## Task objective
Give the listing again word for word, excluding the pictures it contains.

## Data section

*****

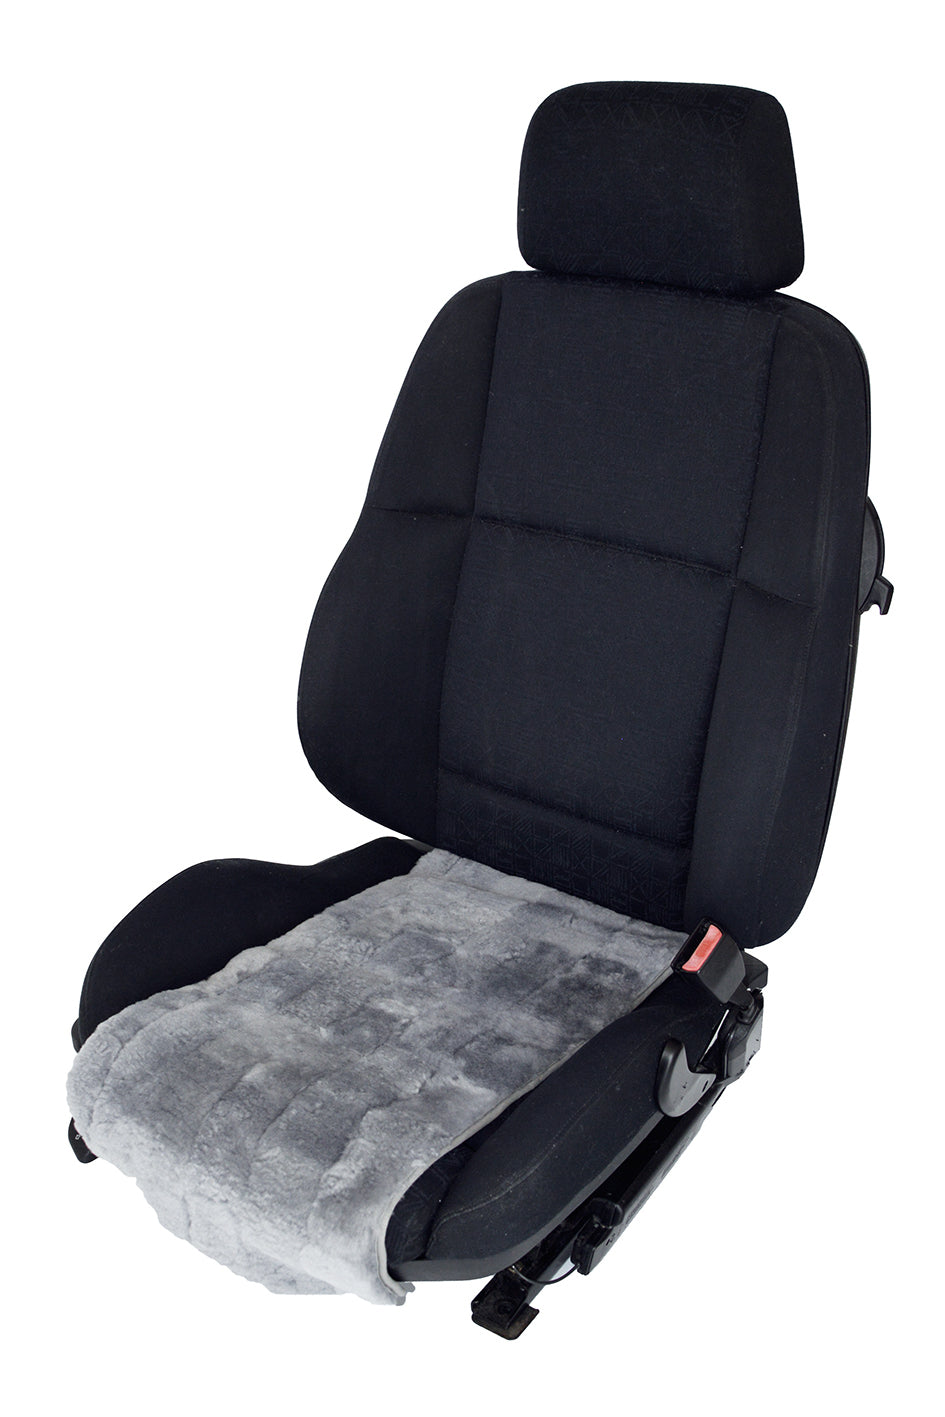 Luxus Auto Sitzbezug Sitzbezüge Schonbezüge Schonbezug Set Grau passend für  Ford
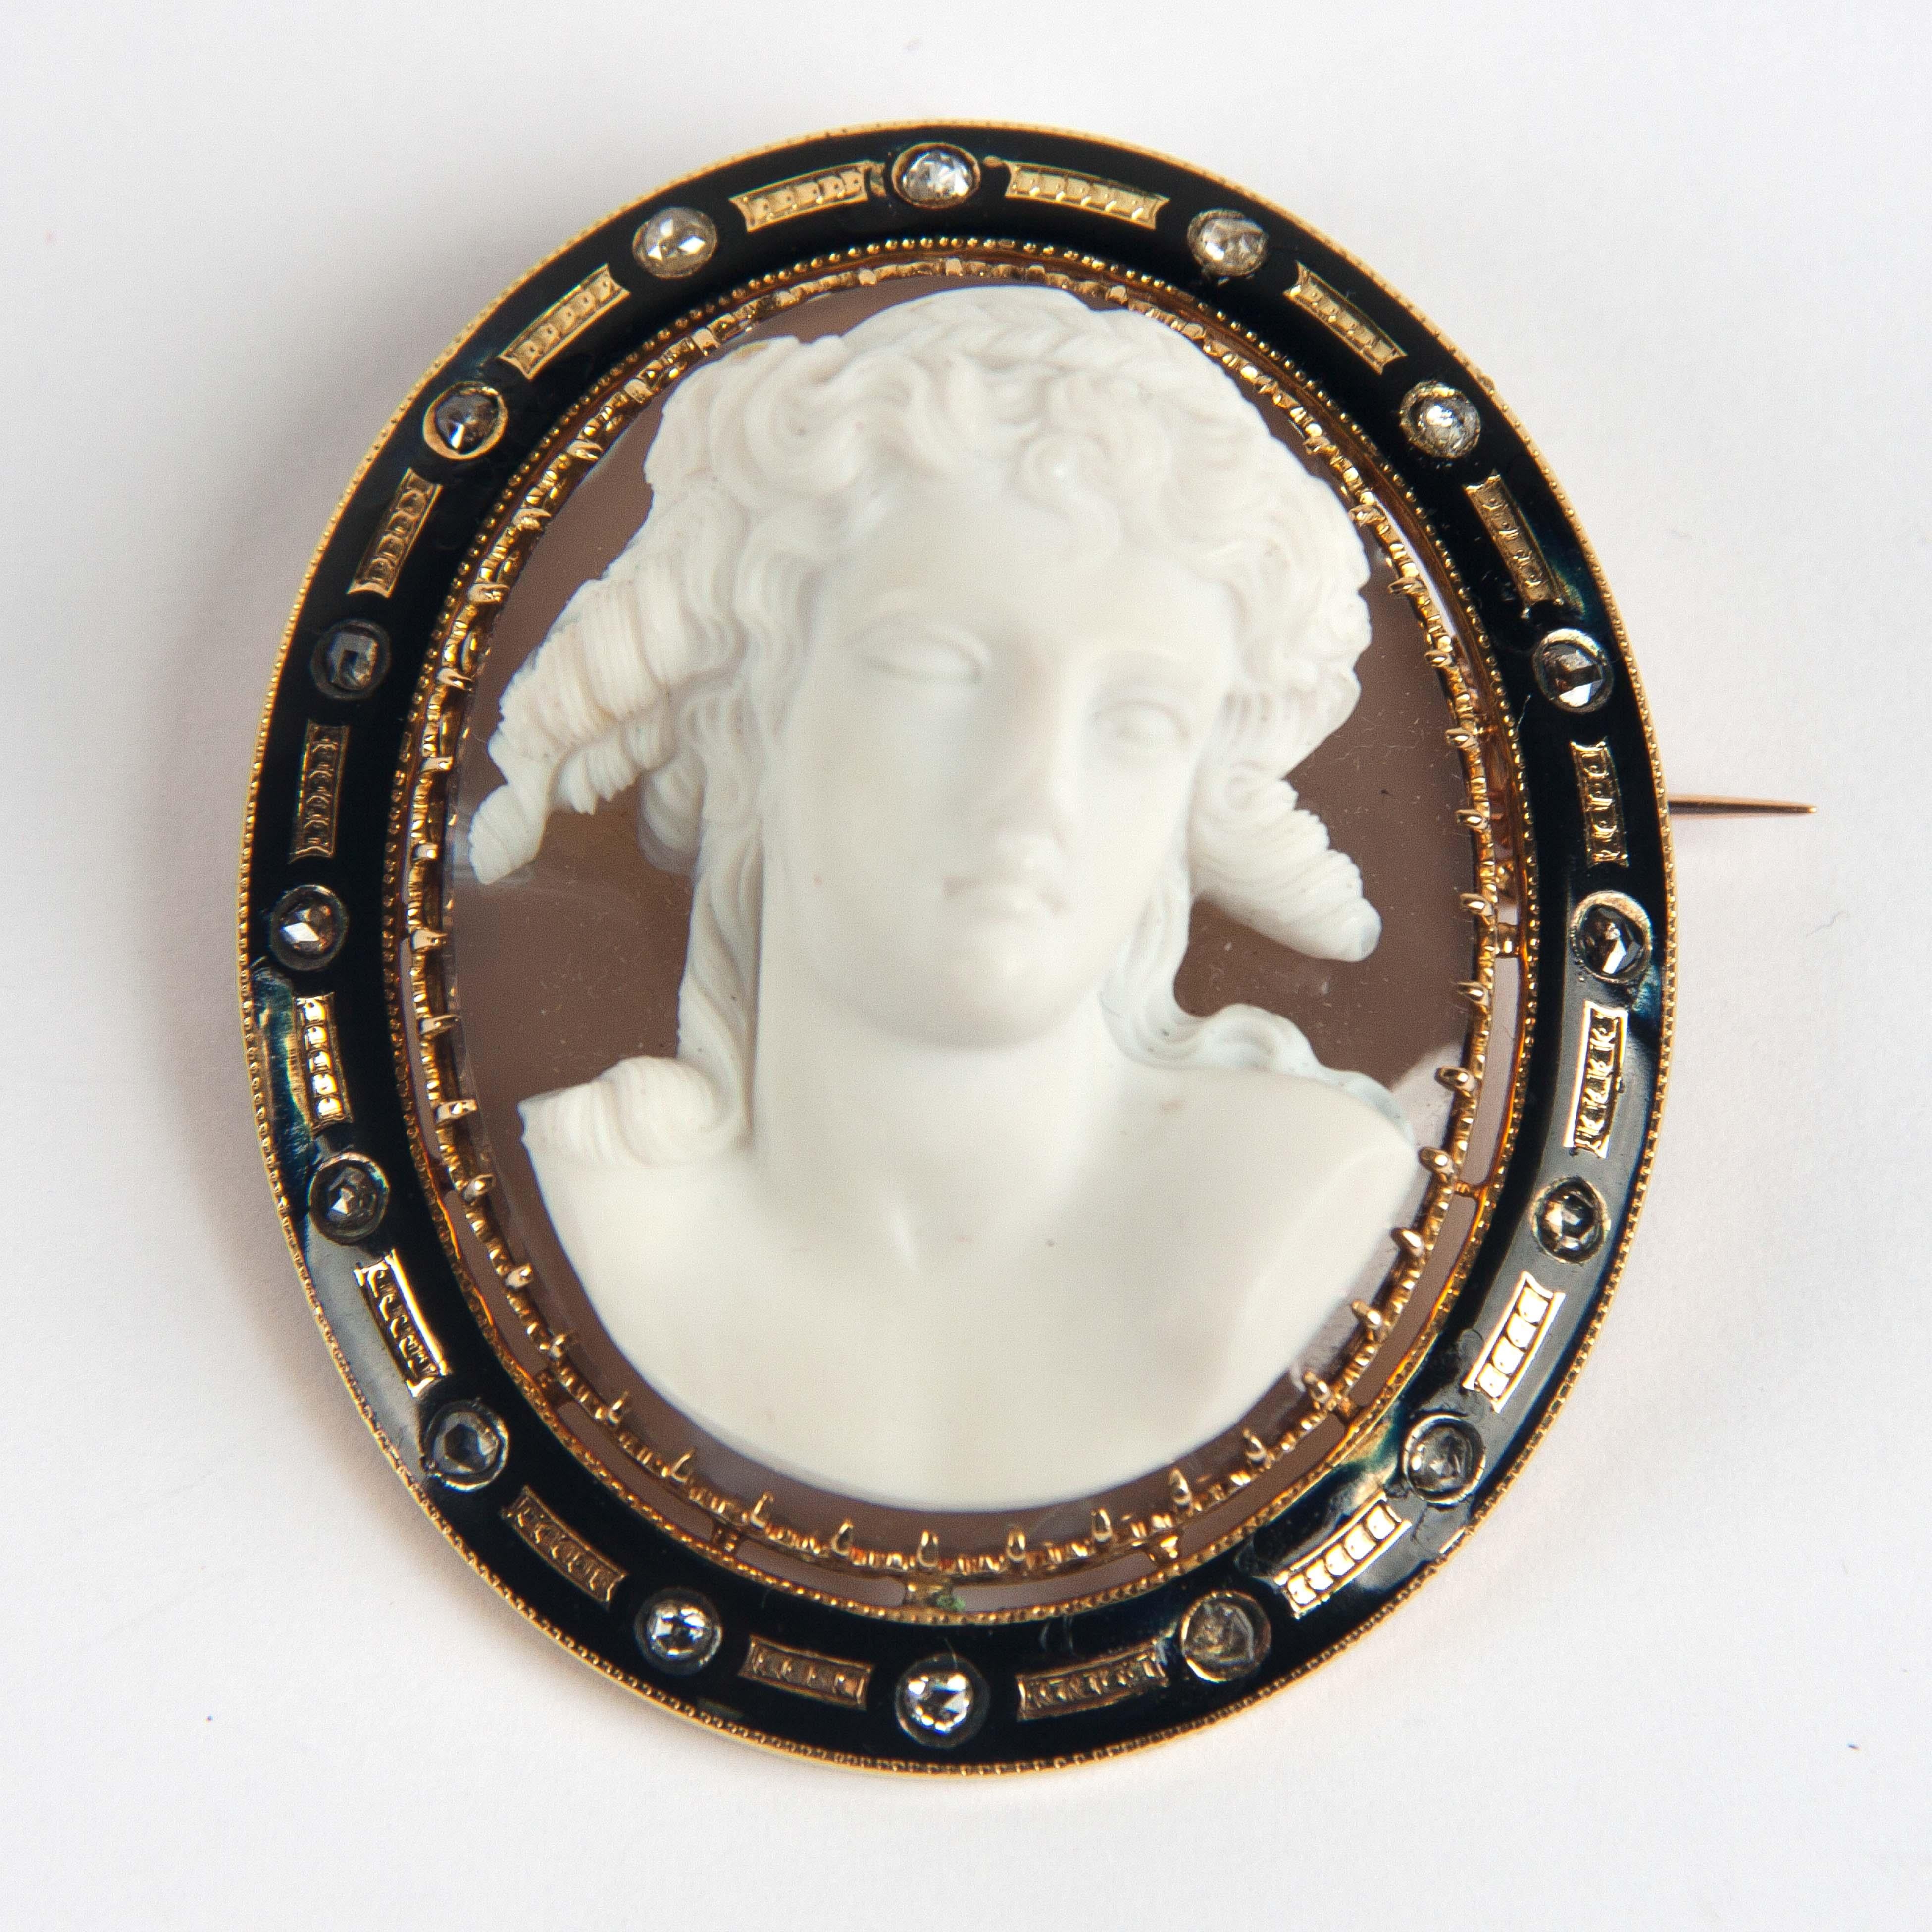 Bijou en or du 19ème siècle, dans une fine tête sculptée en porcelaine de Sèvres sur une plaque d'agate.
Le cadre est en email de Limoges avec des diamants.
 

*****

## Written answer
 Luxus Auto Sitzbezug Sitzbezüge Schonbezüge Schonbezug Set Grau passend für  Ford
 Bijou en or du 19ème siècle, dans une fine tête sculptée en porcelaine de Sèvres sur une plaque d'agate.
Le cadre est en email de Limoges avec des diamants.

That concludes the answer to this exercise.